Problem description:
An acceptable answer repeats exactly the line containing "可口的披萨超大的紫薯图片" and all lines that follow it in the listing below, and it includes no pictures.

Supplied data:
----------------------------------------

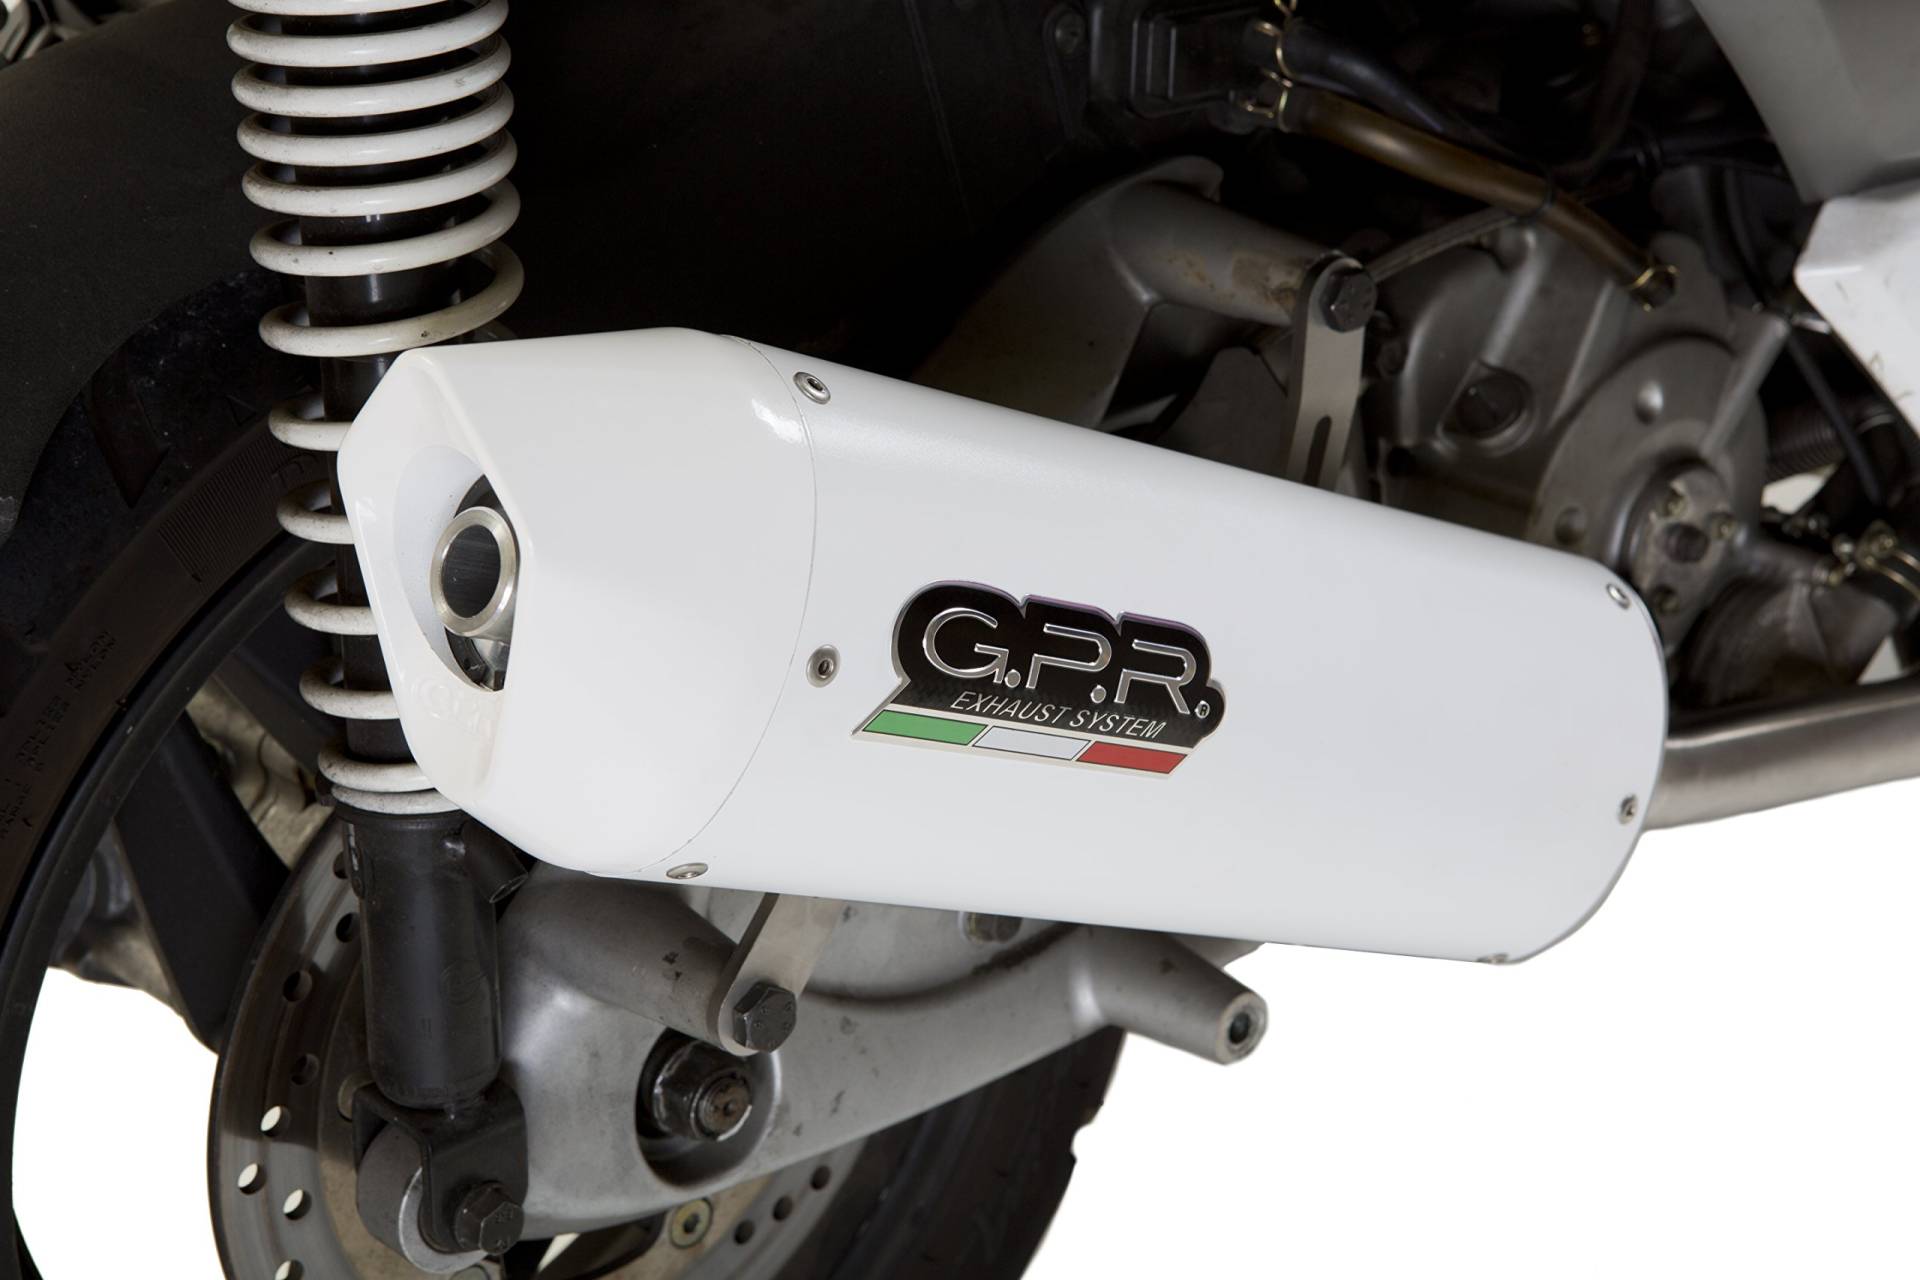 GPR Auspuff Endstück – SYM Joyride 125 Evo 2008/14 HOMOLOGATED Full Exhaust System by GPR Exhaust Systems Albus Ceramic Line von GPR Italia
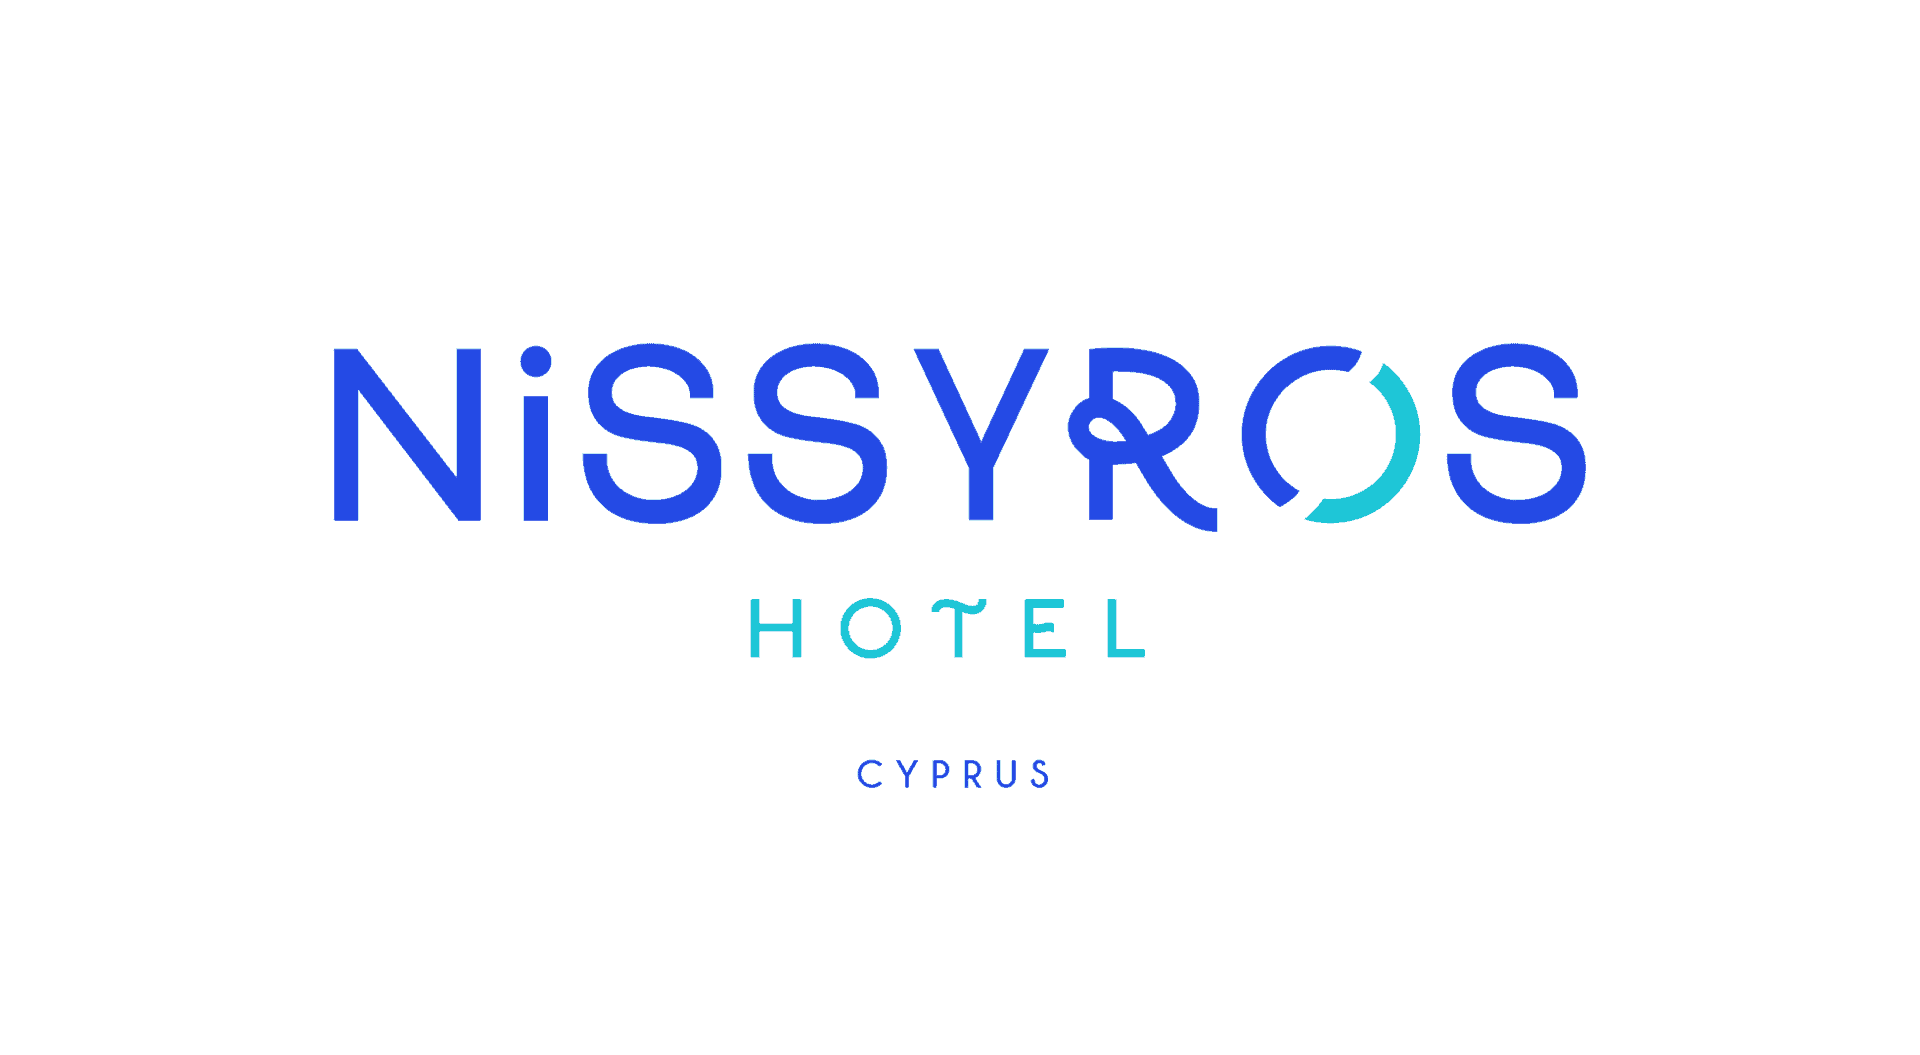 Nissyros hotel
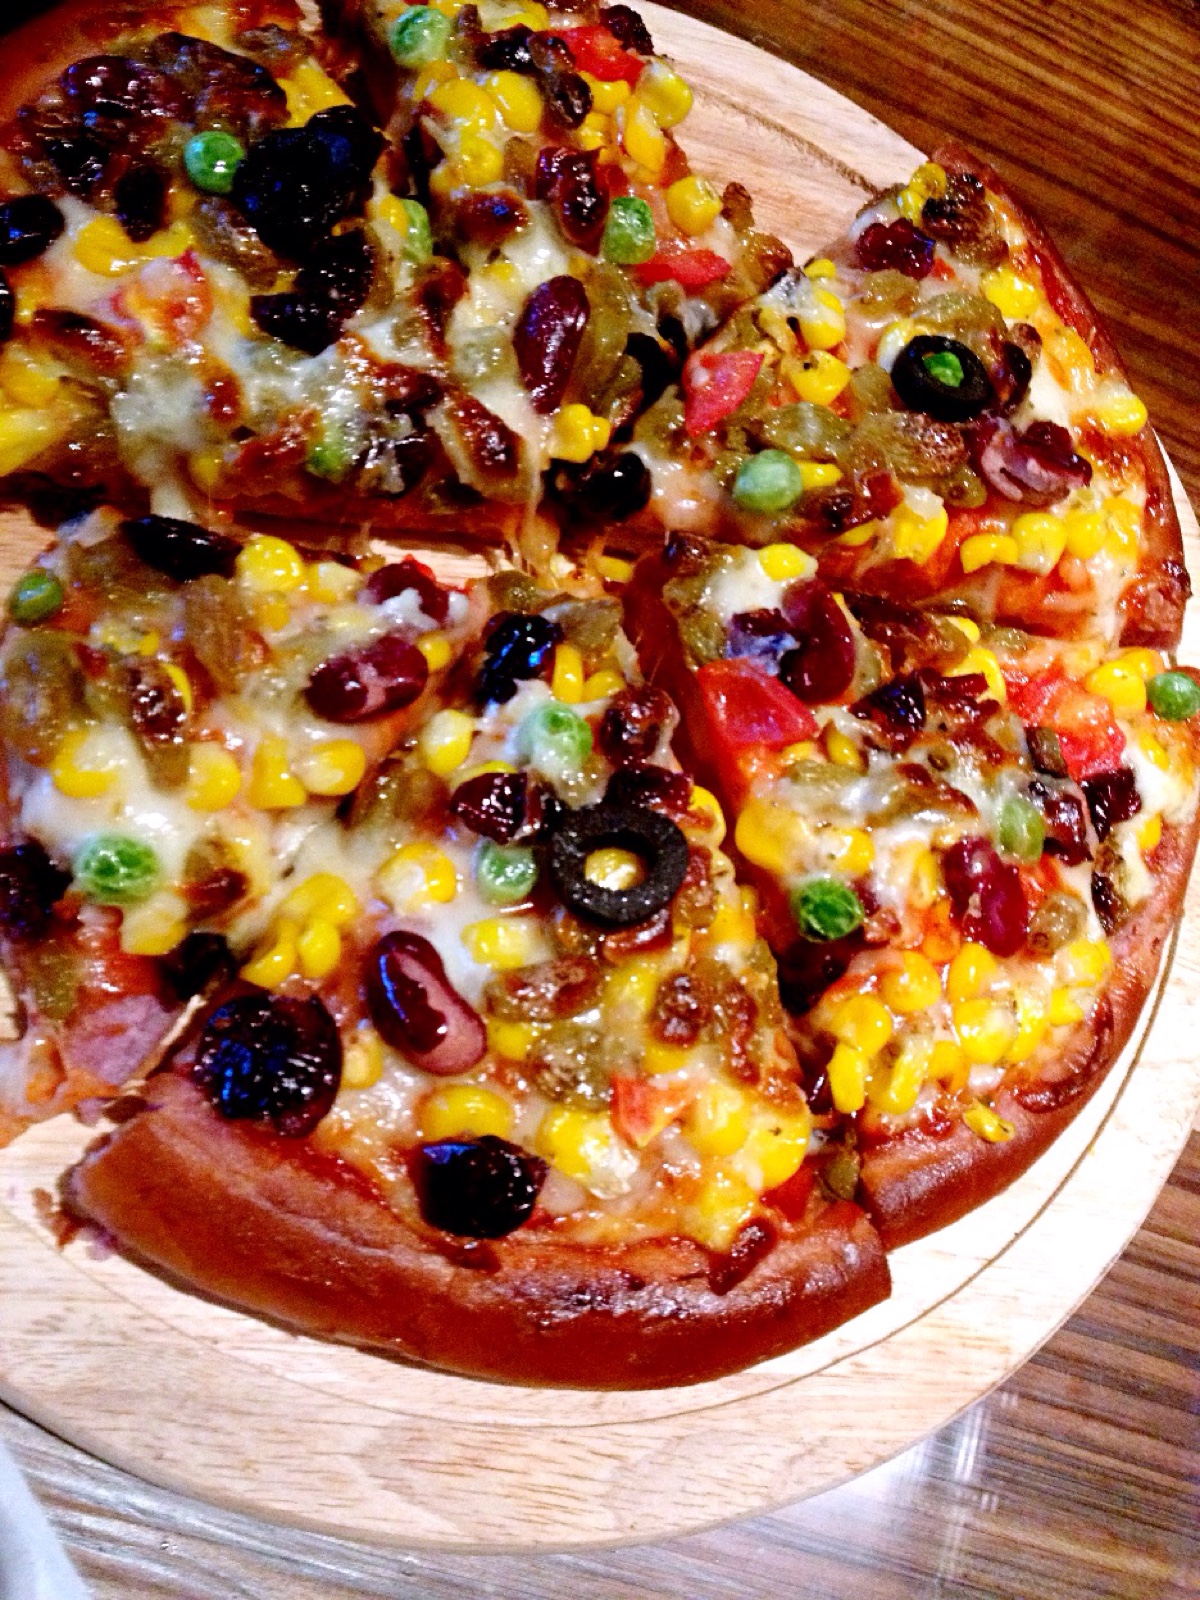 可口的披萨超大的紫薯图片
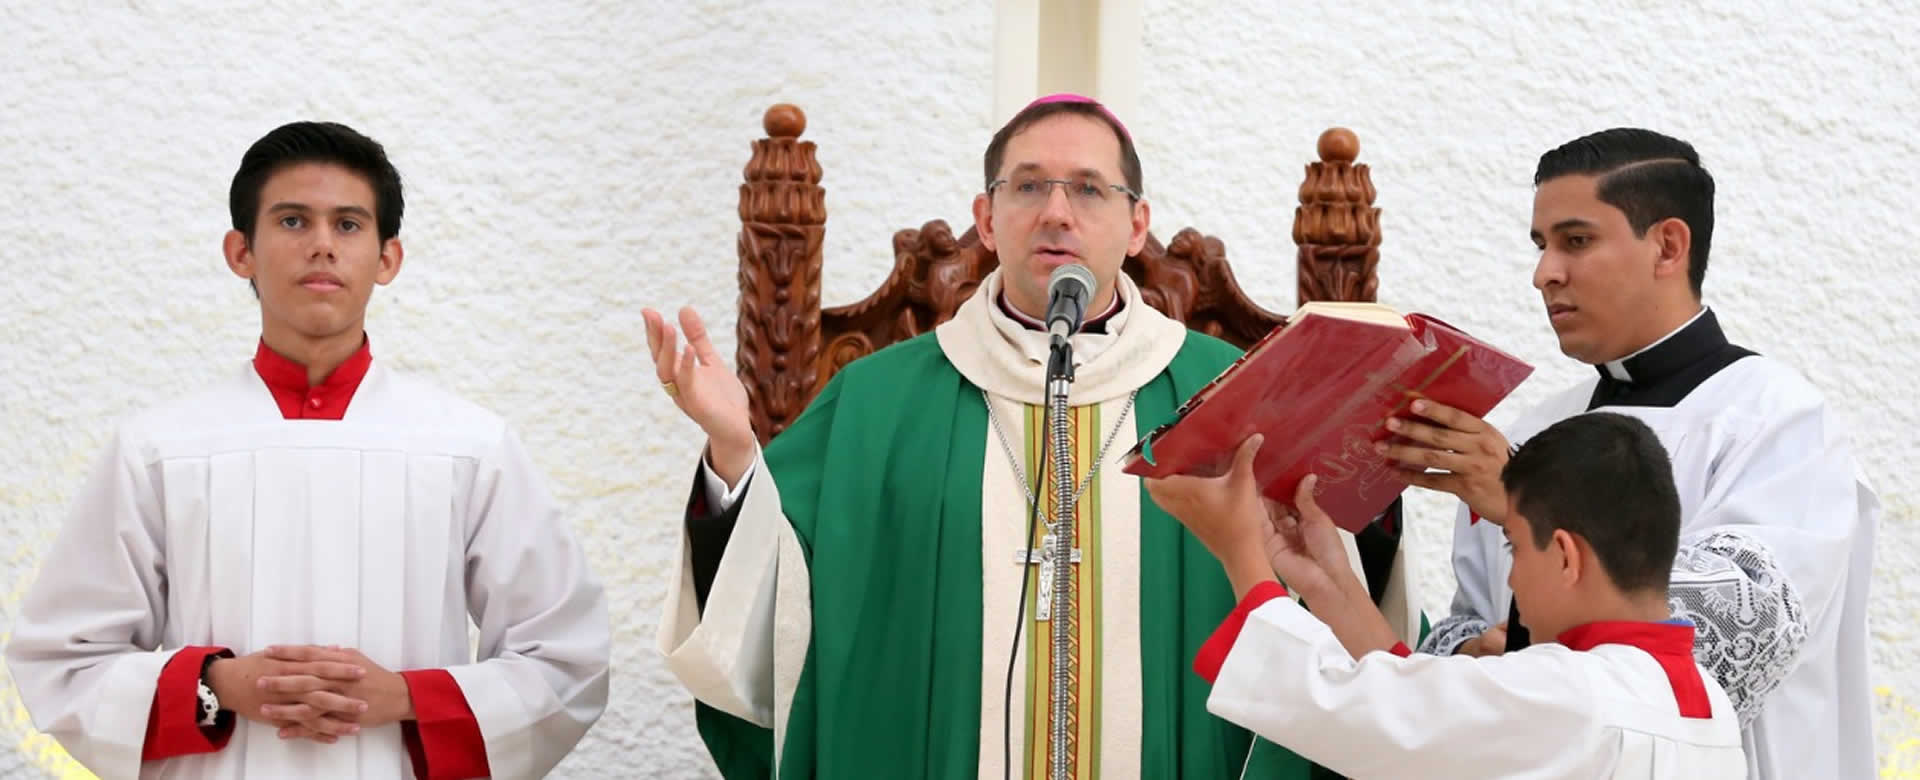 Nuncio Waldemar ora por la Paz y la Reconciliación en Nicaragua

----------------------------------------

Expected output:
 可口的披萨超大的紫薯图片
 Nuncio Waldemar ora por la Paz y la Reconciliación en Nicaragua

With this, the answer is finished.